RAGAS Live Evaluation#
This guide covers how to run RAGAS metrics using the live evaluation endpoint with inline metric definitions. Live evaluation provides immediate results without job polling, making it ideal for quick, interactive evaluations with small datasets (up to 10 rows).
Quick Start#
import os
from nemo_microservices import NeMoMicroservices
# Initialize client
client = NeMoMicroservices(base_url=os.getenv("NMP_BASE_URL"), workspace="default")
# Run a live evaluation with tool_call_accuracy (no judge needed)
result = client.evaluation.metrics.evaluate(
metric={
"type": "tool_call_accuracy",
},
dataset={
"rows": [{
"user_input": [
{"content": "What is 2+2?", "type": "human"},
{"content": "Let me calculate.", "type": "ai",
"tool_calls": [{"name": "calculator", "args": {"a": 2, "b": 2}}]},
{"content": "4", "type": "tool"},
{"content": "2+2 equals 4.", "type": "ai"},
],
"reference_tool_calls": [{"name": "calculator", "args": {"a": 2, "b": 2}}],
}]
},
)
# Print results
for score in result.aggregate_scores:
print(f"{score.name}: mean={score.mean}")
Prerequisites#
Creating a Secret for API Keys#
Most RAGAS metrics require a judge LLM. If using external endpoints (like NVIDIA API), create a secret first:
import os
from nemo_microservices import NeMoMicroservices
client = NeMoMicroservices(base_url=os.getenv("NMP_BASE_URL"), workspace="default")

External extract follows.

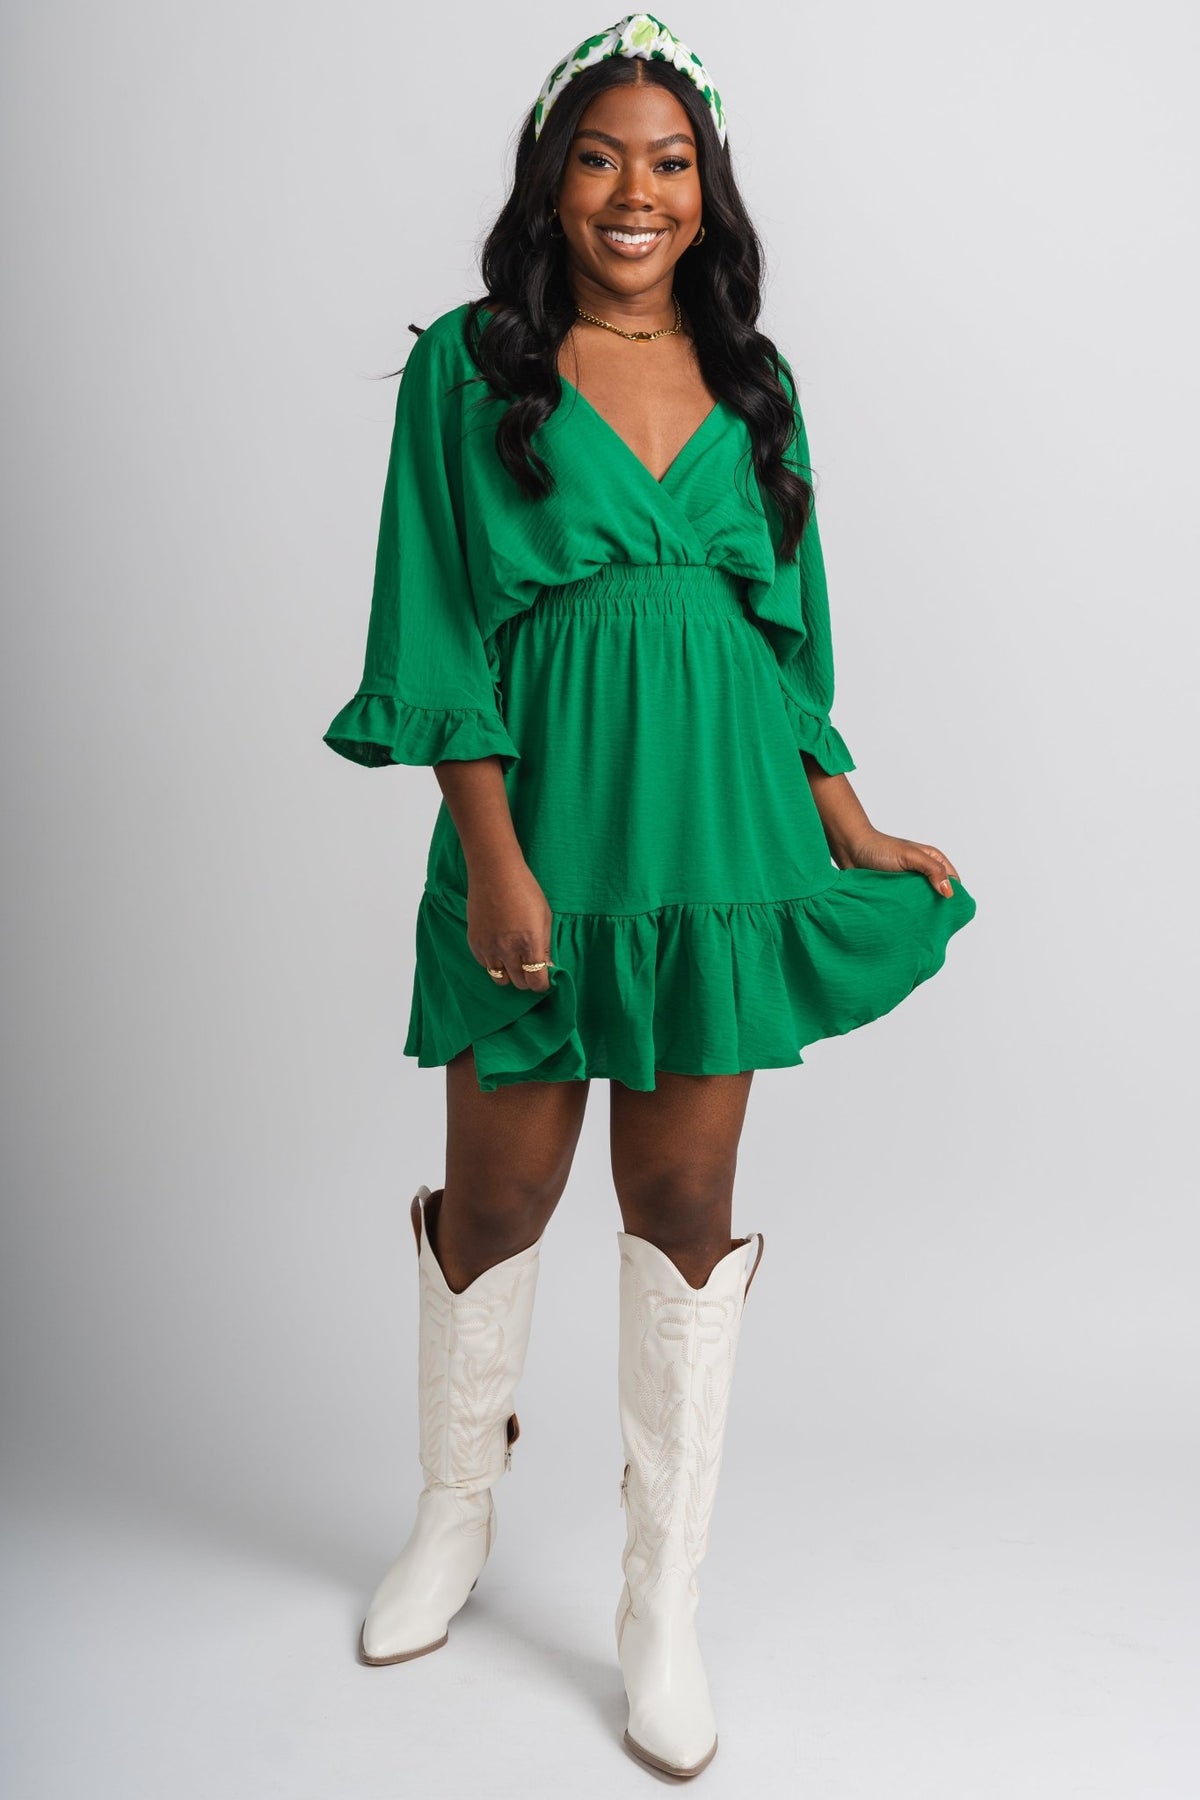 Ruffle sleeve dress green - Cute dress - Trendy Dresses at Lush Fashion Lounge Boutique in Oklahoma City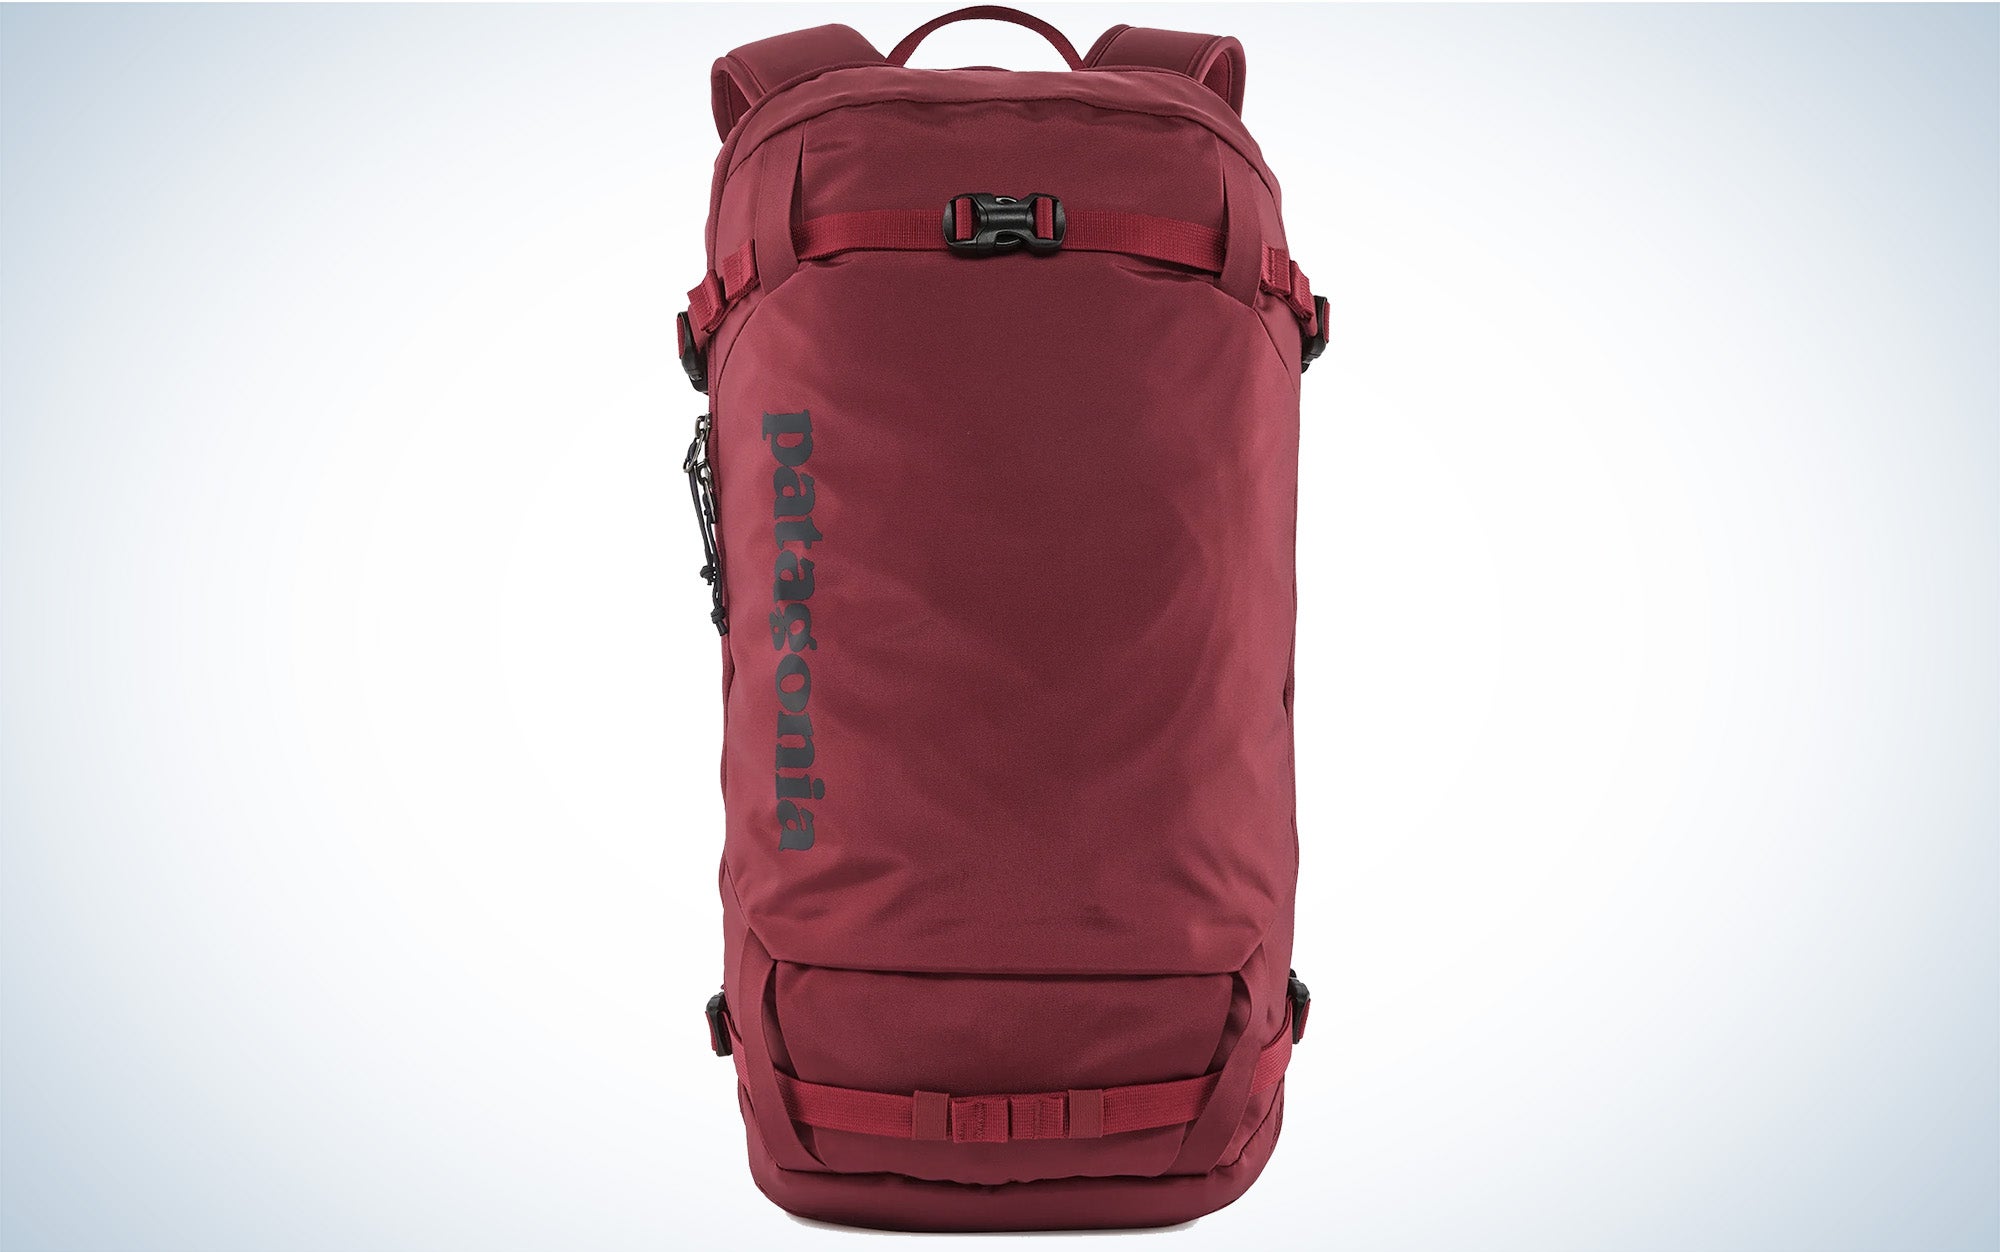 The Patagonia SnowDrifter 30L is one of the best winter backpacks for a full day.

# Create a secret for your API key
client.secrets.create(
name="nvidia-api-key",
data="nvapi-YOUR_API_KEY_HERE",
description="NVIDIA API key for RAGAS metrics"
)
Supported RAGAS Metrics#
Agentic Metrics#
Tool Call Accuracy#
Compares the AI’s tool calls against reference tool calls for an exact match. Does not require a judge LLM.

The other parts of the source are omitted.